To test our ability to reconstruct the apical-to-basal neural lineage trajectories, we performed principal graph learning and computed a force-directed graph where we projected the inferred tree of principal points (Materials and Methods). We obtained a bifurcating tree that resolves the molecular continuum describing the progression of vRG and branching into either oRG or intermediate progenitor fates (Fig. 1D,E). The expression of the aforementioned marker genes recapitulated the expected dynamics along pseudotime (Fig. 1F) as well as that of genes for which the expression trajectories significantly changed along the inferred tree (see Fig. 1G), confirming the differentiation progression through intermediate cellular states.
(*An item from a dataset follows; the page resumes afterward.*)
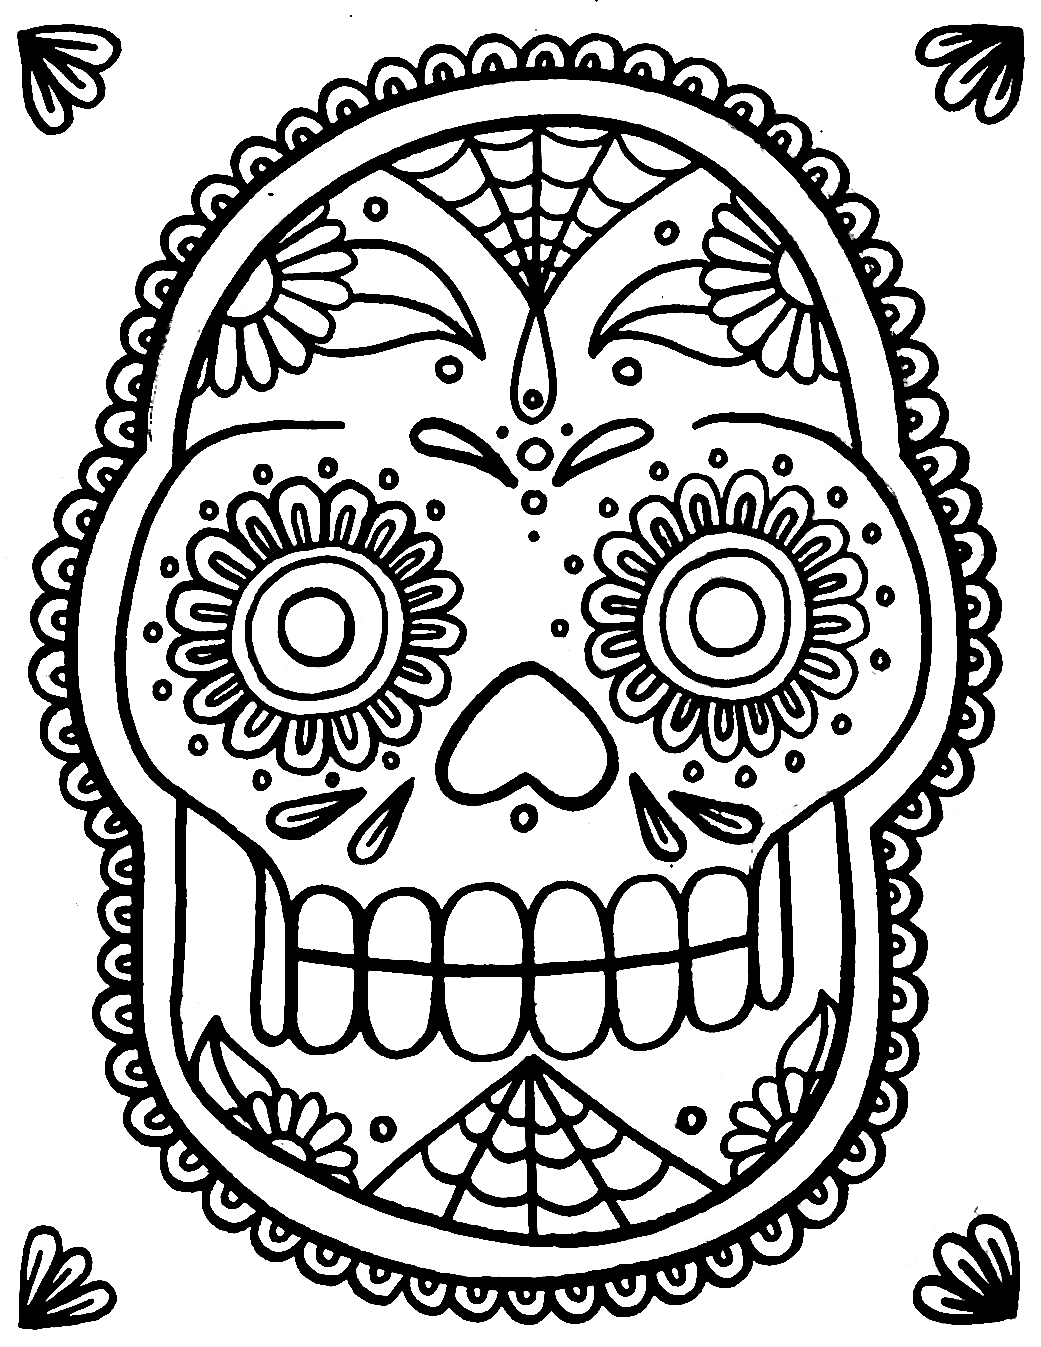 colorful sugar skull yucca flats nm wenchkin39s coloring pages sugar skull sugar colorful skull
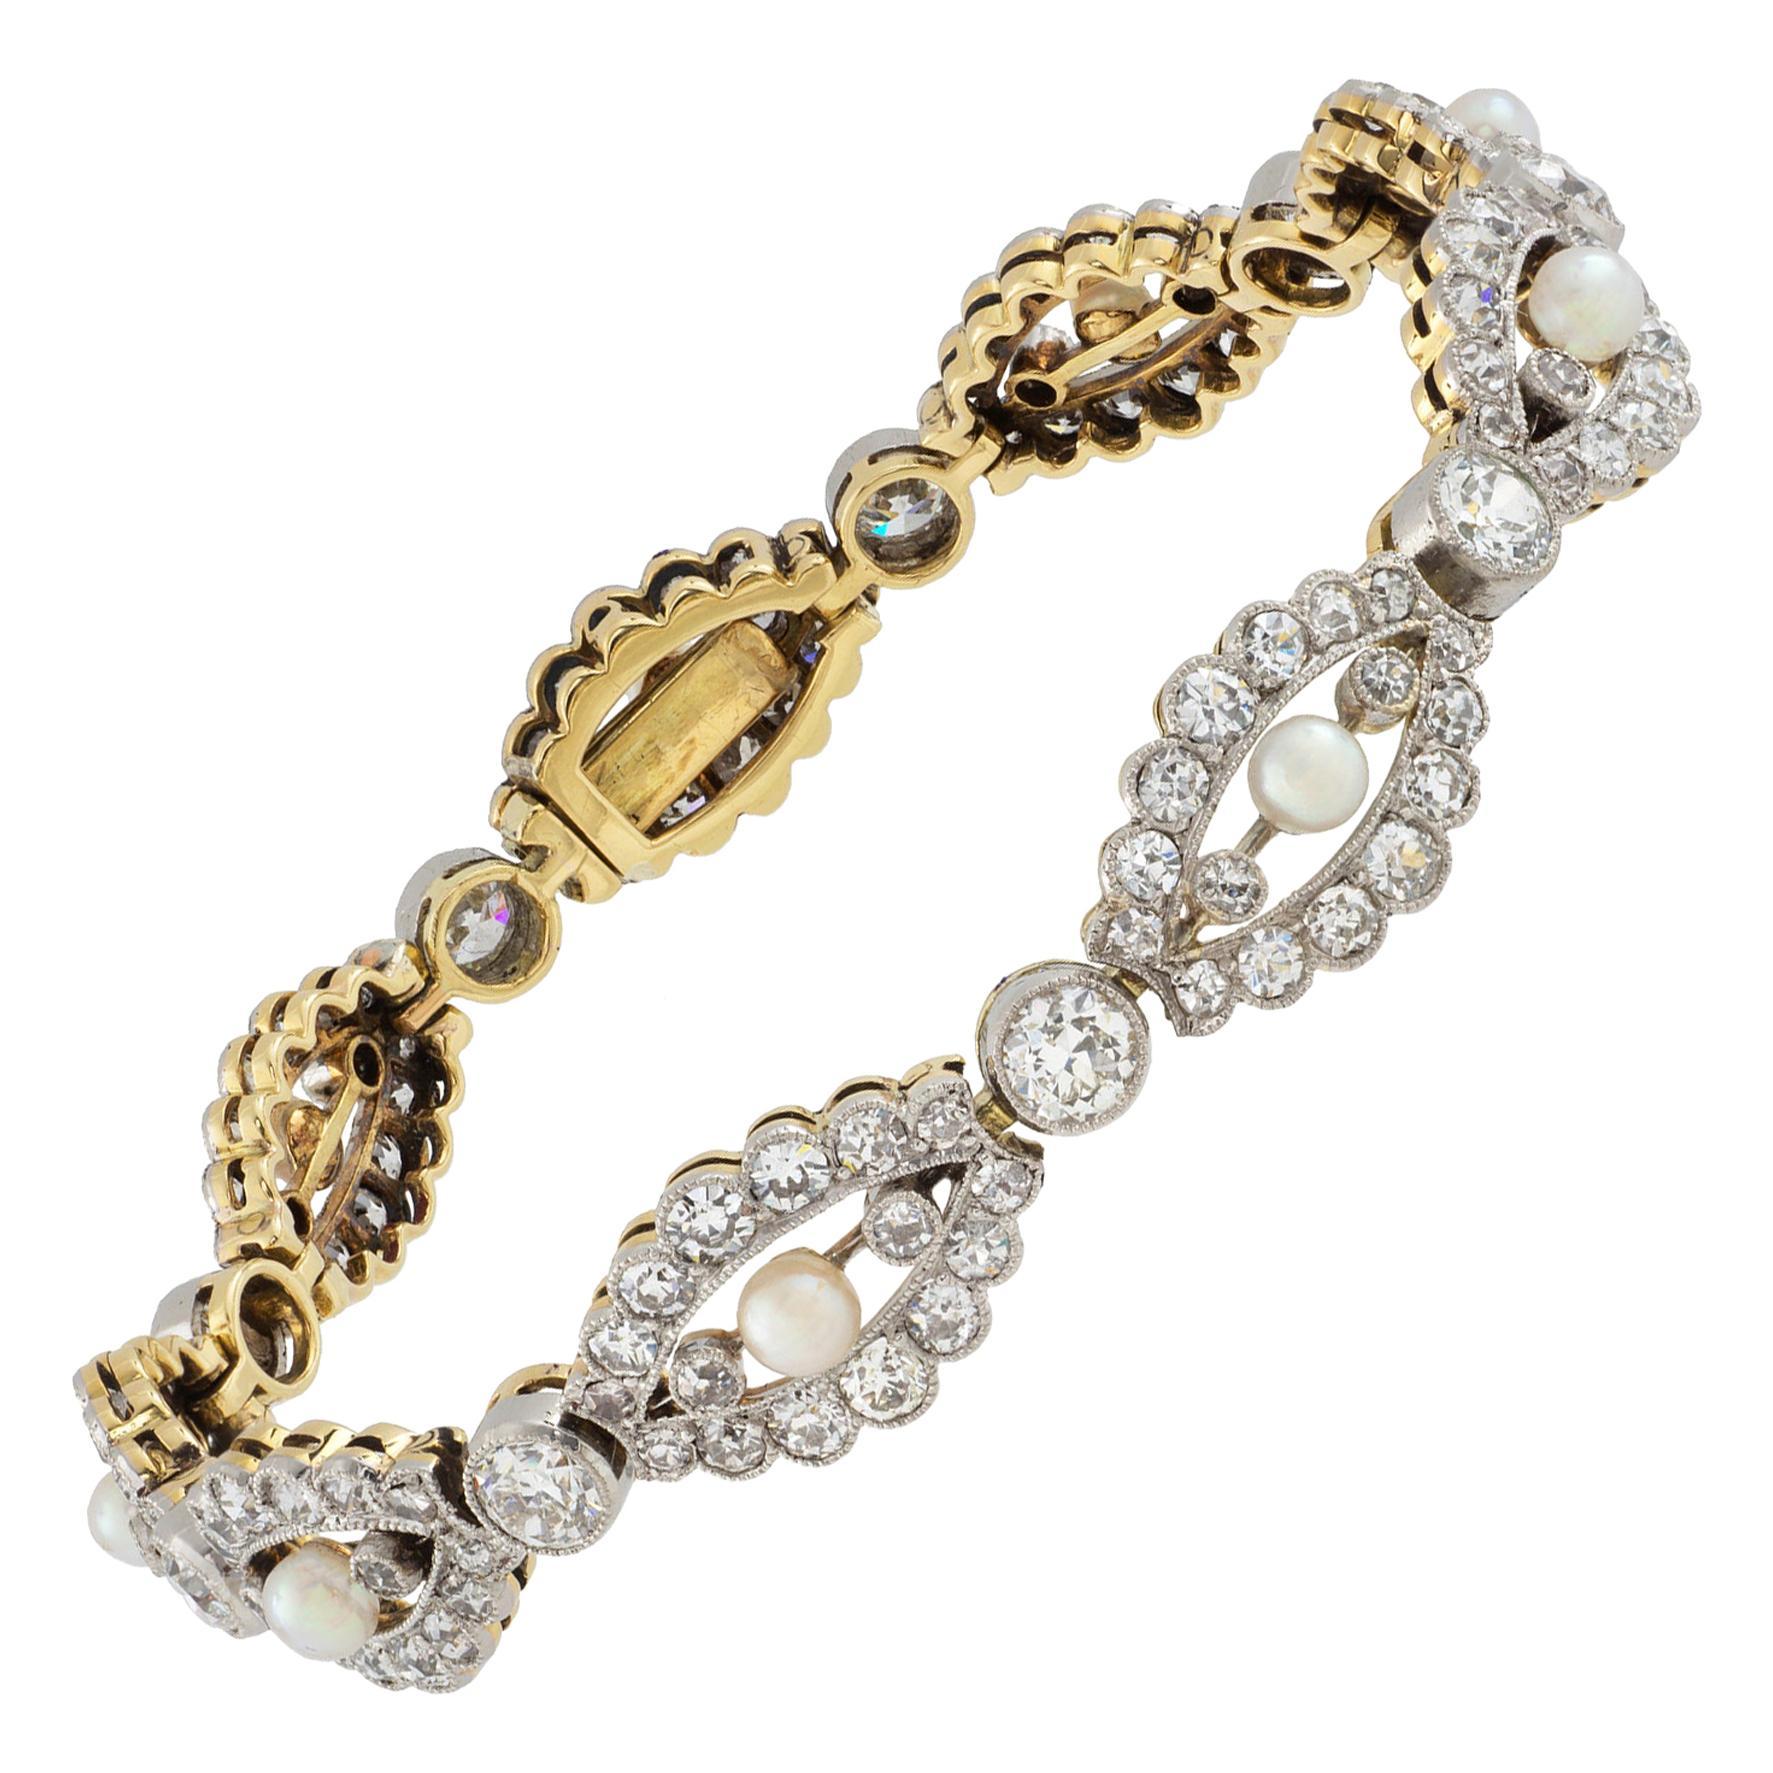 Edwardian Pearl and Diamond Bracelet

We obtained similar results when an independent dataset was projected into the low dimensional space obtained before via PCA (Polioudakis et al., 2019; Fig. S1C-F). This provides an ideal setting in which to test the validity of our results with time-matched samples around post-conception week 16, a developmental stage with active proliferation in both germinal zones and around the transition from continuous to discontinuous radial glia scaffold (Nowakowski et al., 2016).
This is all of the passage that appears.